Q. What are the problems Indonesia is facing today with regards to disaster management?
Indonesia is a large country located near the equator in the Pacific Ring of Fire, and consequently suffers from water and geological disasters, and land degradation. Our current problems are a shortage of tsunami data, a low awareness of the overall effects of disasters, and insufficient cooperation between data suppliers and LAPAN.
Natural disaster management requires data acquired by remote sensing satellites. Information about potential dangers, such as climate, extreme weather, earthquakes, landslides, tsunami, volcanoes, and forest and land fires, is most relevant, so I'd like to establish further cooperation with data suppliers such as JAXA, and make good use of their satellite data. I'm also hoping that, by combining the satellite data with other information, we will be able to contribute to solving certain social problems, including disasters.
Q. In what ways do you expect satellites to assist with disaster management?
Satellite images are used for prevention and preparedness, to assess the scope of potential disasters and help mitigate damage that could occur. Upon occurrence of a disaster, the images are used to determine the extent of the damage and the location of refuge areas.

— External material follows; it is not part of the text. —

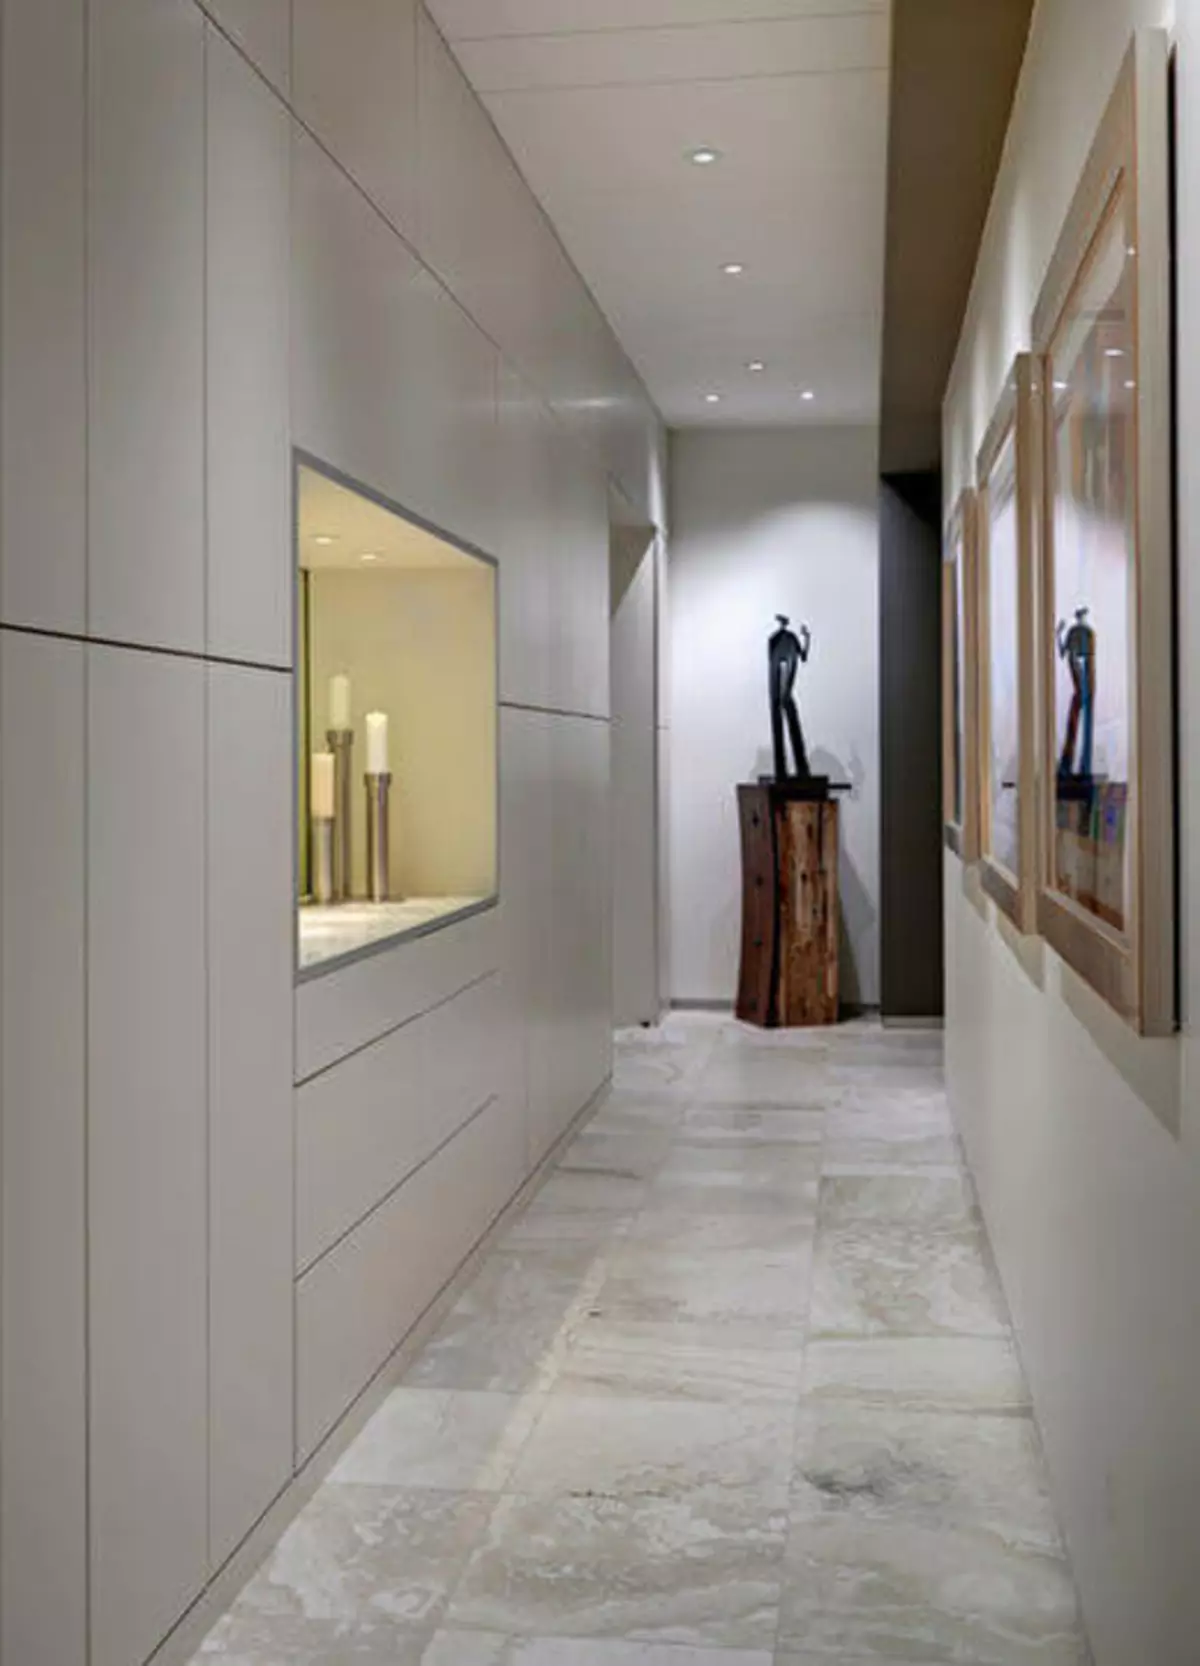 Pločice na podu u hodniku (99 fotografija): Opcije za dizajn poda u hodniku. Obrasci izrađeni od porculanskih kamenih softvera, pločica i drugih prekrasnih opcija 9181_35

In post-disaster management, they are used for reconstruction and sustainable development activities.
In Indonesia, images acquired by the Earth observation satellite Daichi (ALOS : Advanced Land Observing Satellite) have already been used many times to conduct emergency observations of such disasters as the eruption of Mount Merapi in Central Java in May 2006, the earthquake in Jogjakarta in May 2006, the floods in Jakarta in February 2007, and the earthquake in West Sumatra in March 2007. Daichi's images have proven to be extremely helpful for disaster support activities in Indonesia. If we can receive and use timely data, I think it will be possible for us to better manage disasters.
Q. What are your thoughts on Sentinel Asia, the project for sharing disaster information in the Asia-Pacific region, which JAXA is also involved with?
Sentinel Asia has enabled us to respond to disasters promptly, and I have been very satisfied with its activities thus far. Having said that, it has only been a year since the project started, so there is still room for improvement, including the upgrading of online information. In the future, I'd like to see the activities of Sentinel Asia reinforced and expanded, and more data be made available. For this to happen, all Asian countries will need to become aware of the significance of the project, and participate.
Q. How do you think Indonesia's disaster activities should change in the future?
Our country has had a series of natural disasters since the destructive tsunami in 2004, and the experiences have taught us the importance of preparedness and of raising awareness of disaster management. In my view, related ministries and research institutes should strengthen nationwide and international cooperative efforts, in order to minimize human casualties and the economic and social costs of disasters. Also, we will need to improve our knowledge base in the use of satellite technology and data, in order to make best use of information acquired by satellites for disaster management.
Q. Do you have any suggestions for JAXA in the future?
I hope that JAXA will continue to improve satellite technology and its applications, and continue to contribute to protecting developing Asian nations from disasters.
Head of the Natural Resources and Environmental Monitoring Division of the Indonesian National Institute of Aeronautics and Space (LAPAN).
After obtaining her B.Sc. at Bandung Institute of Technology (Institut Teknologi Bandung) in 1985, Dr. Roswintiarti studied at North Carolina State University in the United States, where she received her M.Sc. in 1991, and a Ph.D. in Atmospheric Sciences in 1999. In 1986, she joined LAPAN as a research scientist in remote sensing applications.